Purpose Since healthcare spending accounts for approximately 6.6 per cent of the gross domestic product, reducing waste in health facilities is necessary to generate significant cost savings. After previous work concerning the application of Lean Six Sigma (LSS) to hip surgery, the purpose of this paper is to use LSS as the correct methodology to analyse a clinical pathway. Fast track surgery was introduced to the Complex Operative Unit of Orthopaedic and Traumatology of the University Hospital “Federico II” to improve quality and further reduce costs associated with prosthetic hip replacement surgery.

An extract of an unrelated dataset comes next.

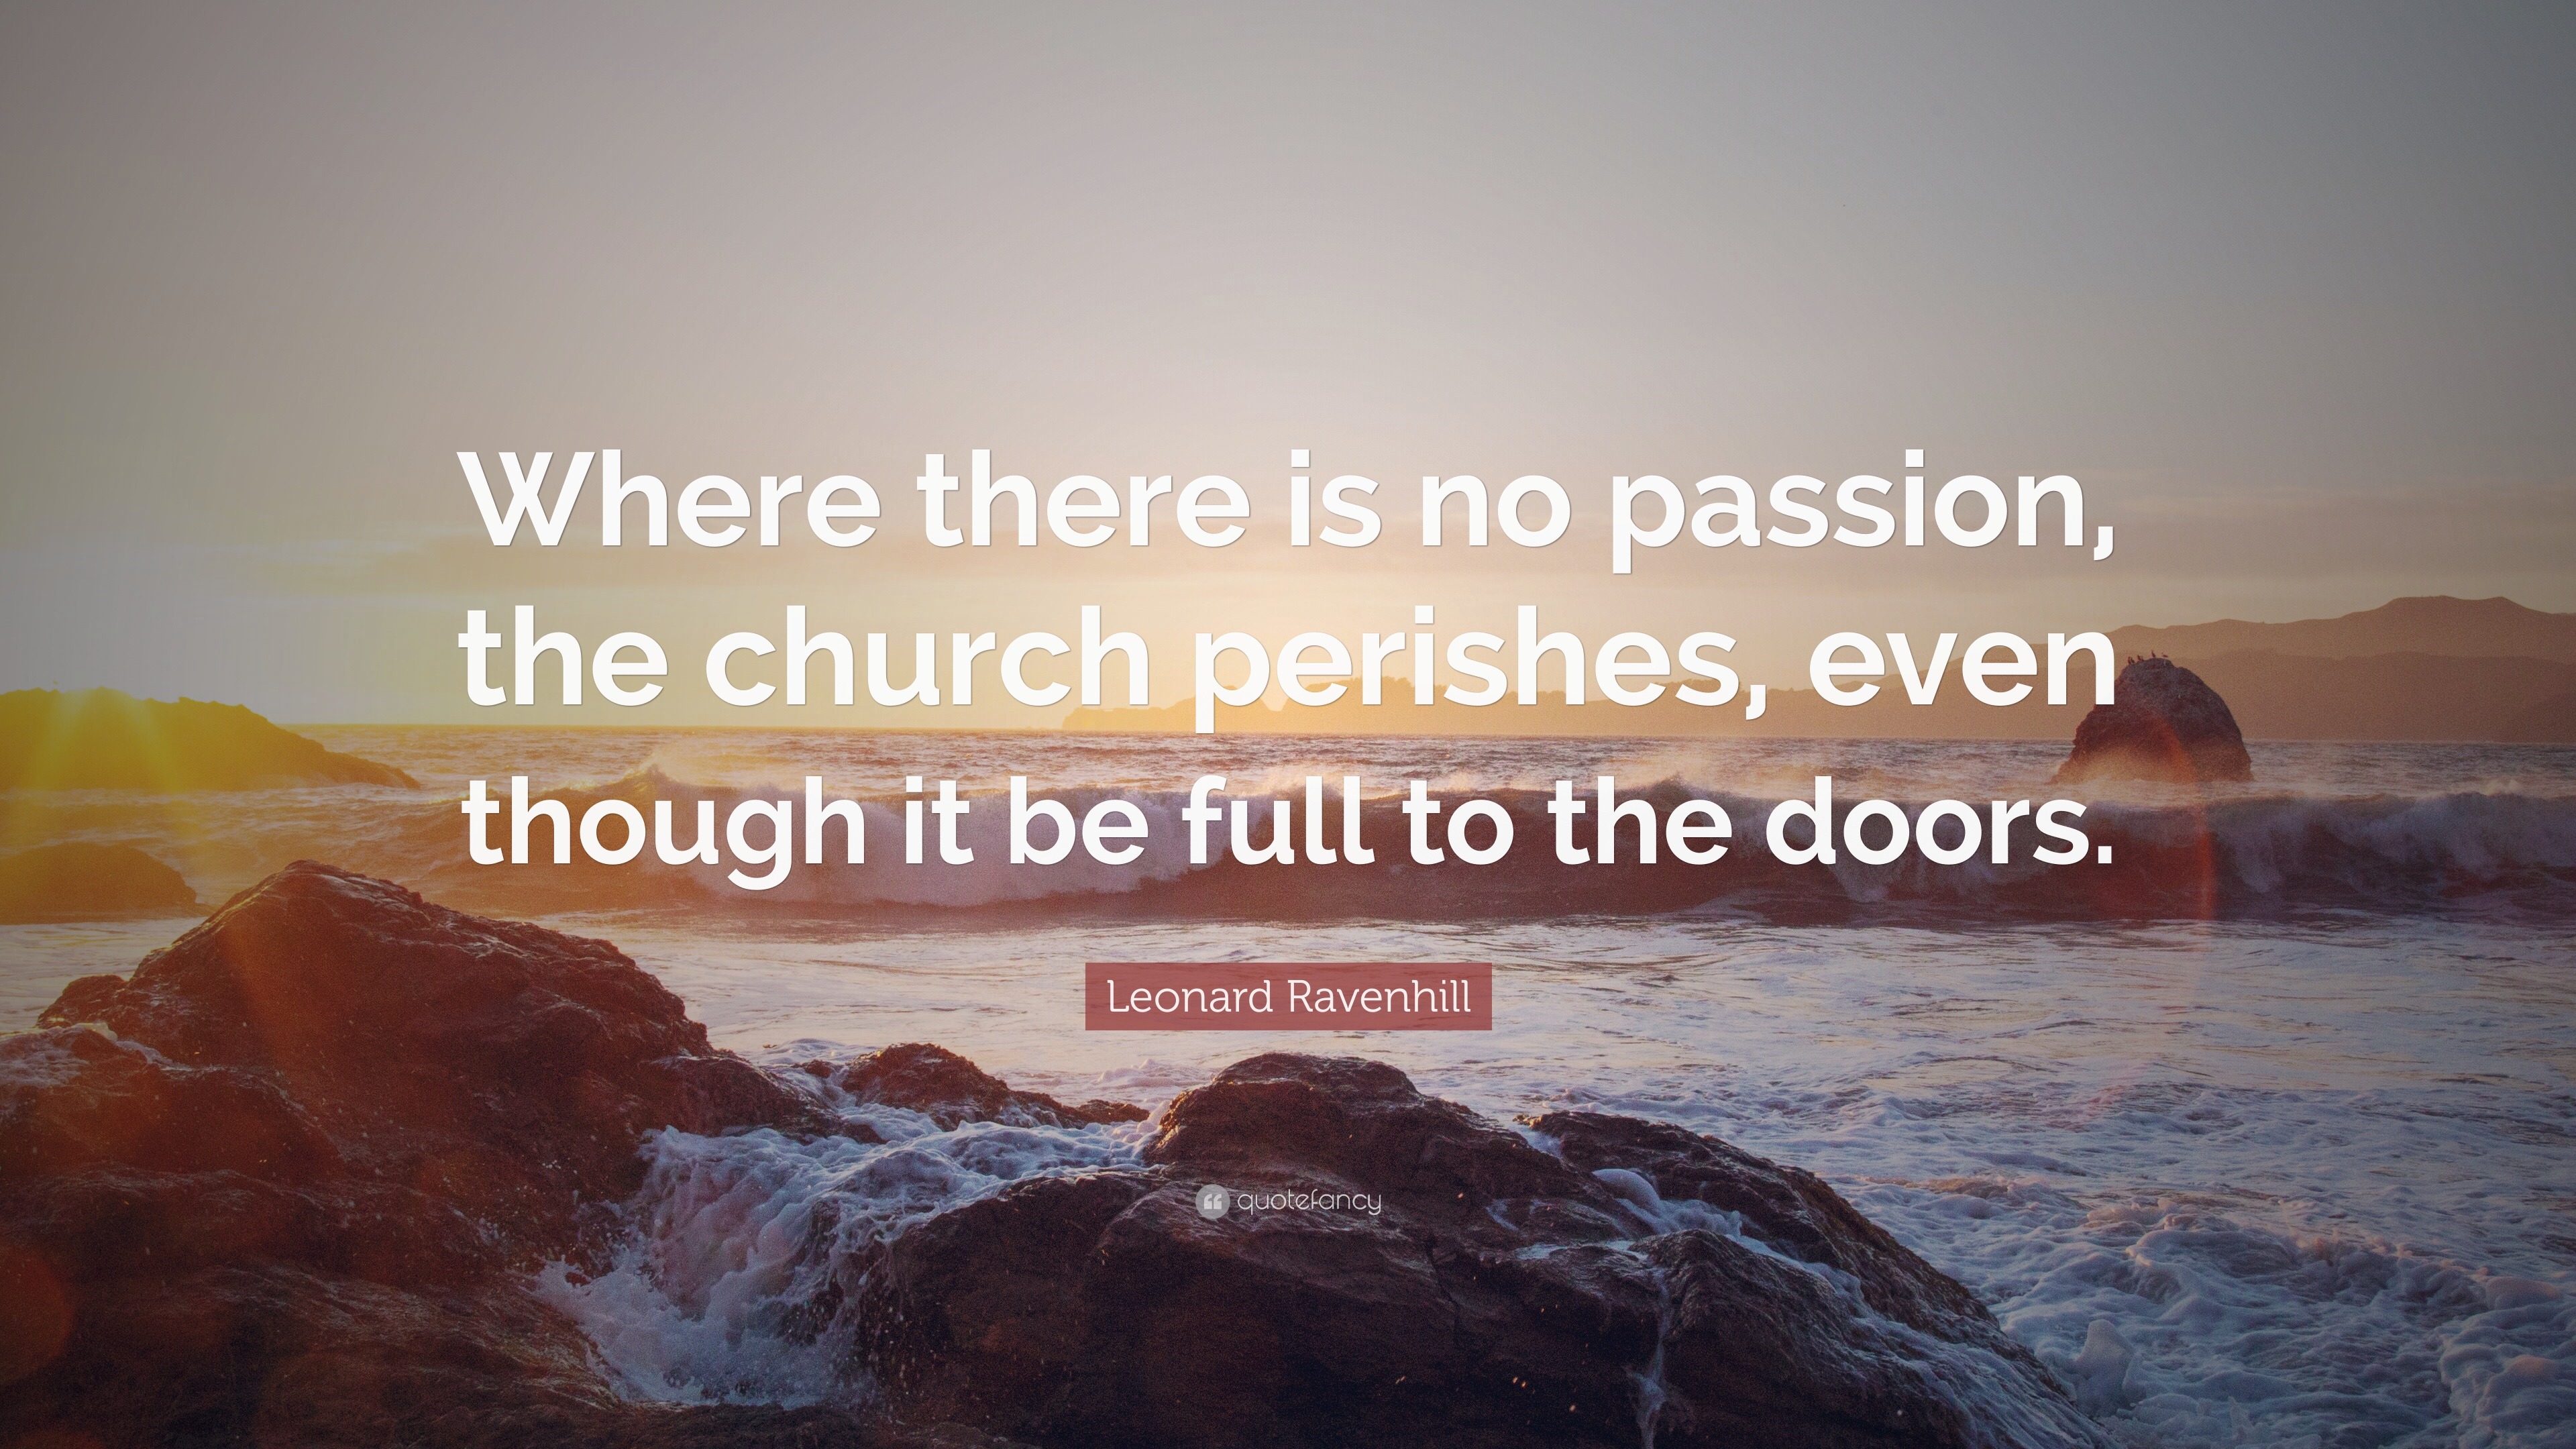 Leonard Ravenhill Quote: “Where there is no passion, the church ...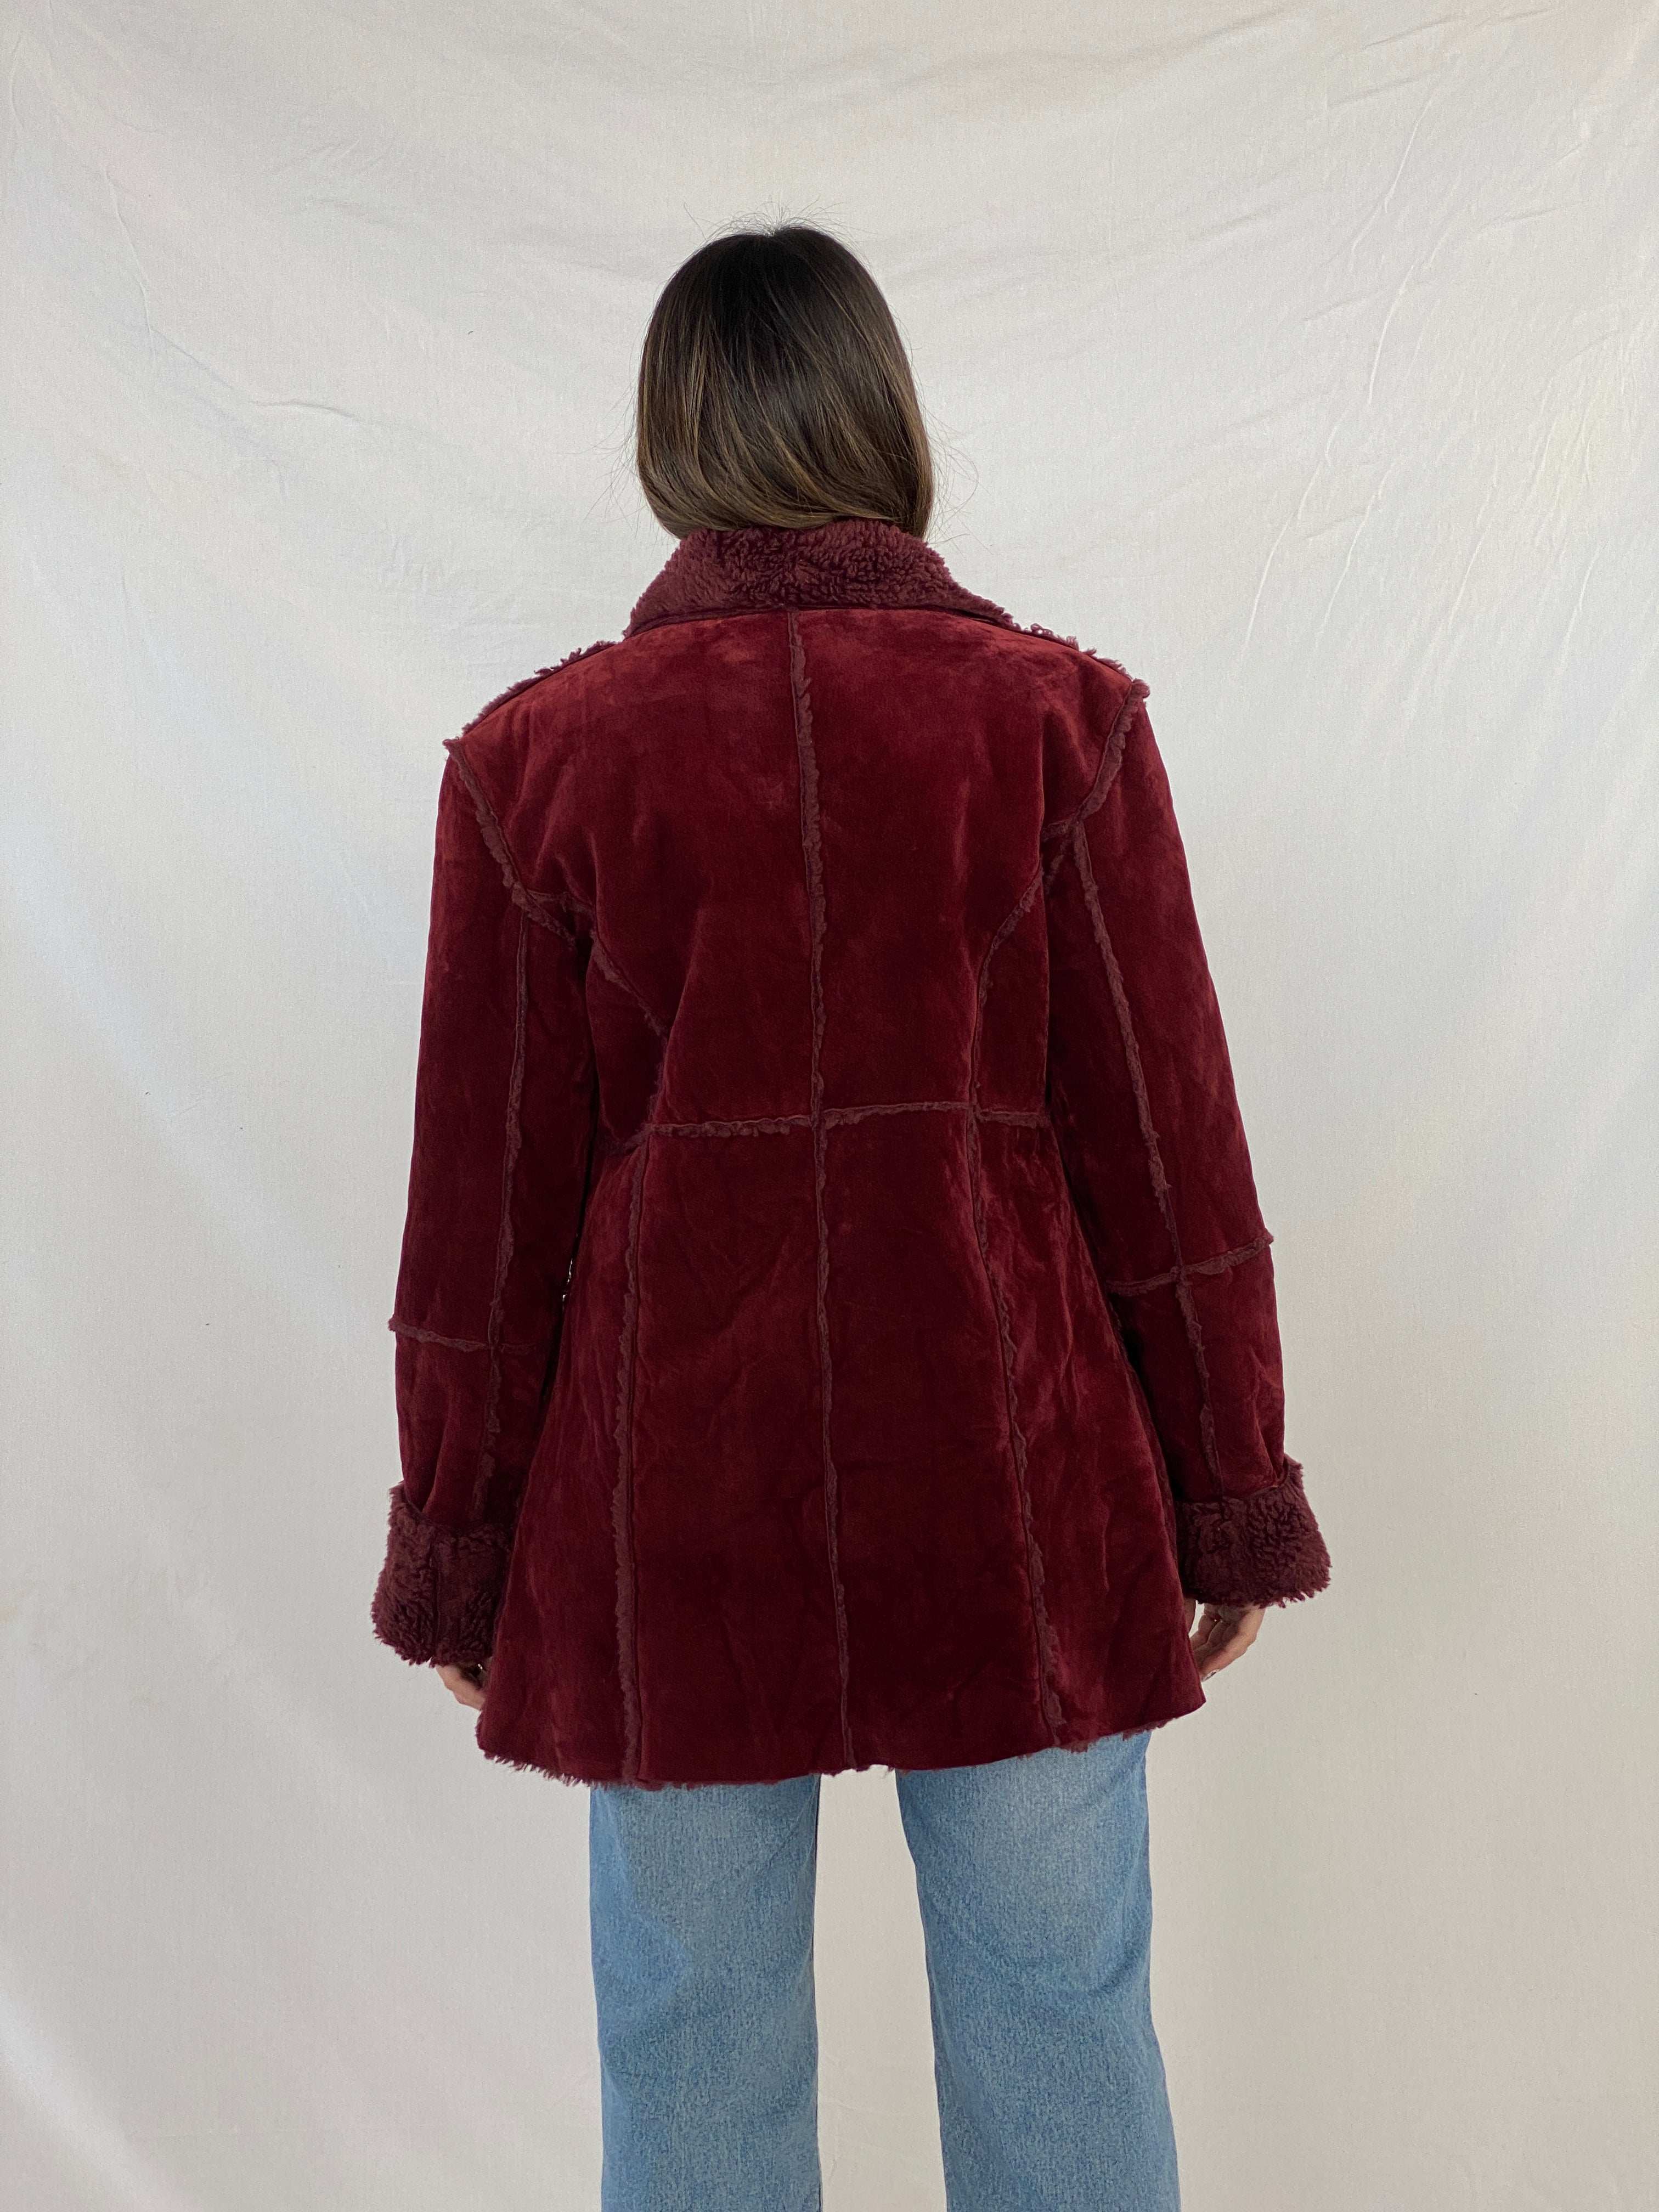 Trump Cast Afghan Style Jacket - Balagan Vintage Coat 00s, 90s, coat, Juana, NEW IN

Design/methodology/approach The DMAIC (Define, measure, analyse, improve, control) roadmap was used as the typical problem-solving approach of the LSS methodology. A rigorous process of defining, measuring, analysing, improving and controlling business problems can be used to reach fixed goals. The paper was written following the Standards for Quality Improvement Reporting Excellence (SQUIRES Guidelines). Findings In this work, the authors found that multiple variables could influence the length of hospital stay (LOS) for inpatient treatment, thereby increasing patient management costs due to longer periods of hospitalisation. Therefore, LSS analysis of the implemented corrective actions demonstrated the efficacy and efficiency of the novel protocol. The average LOS was reduced from 10.66 to 7.8 days (−26.8 per cent). Originality/value The introduction of fast track surgery was validated through a rigorous LSS analysis, which demonstrated that the new protocol benefitted both patients and the hospital.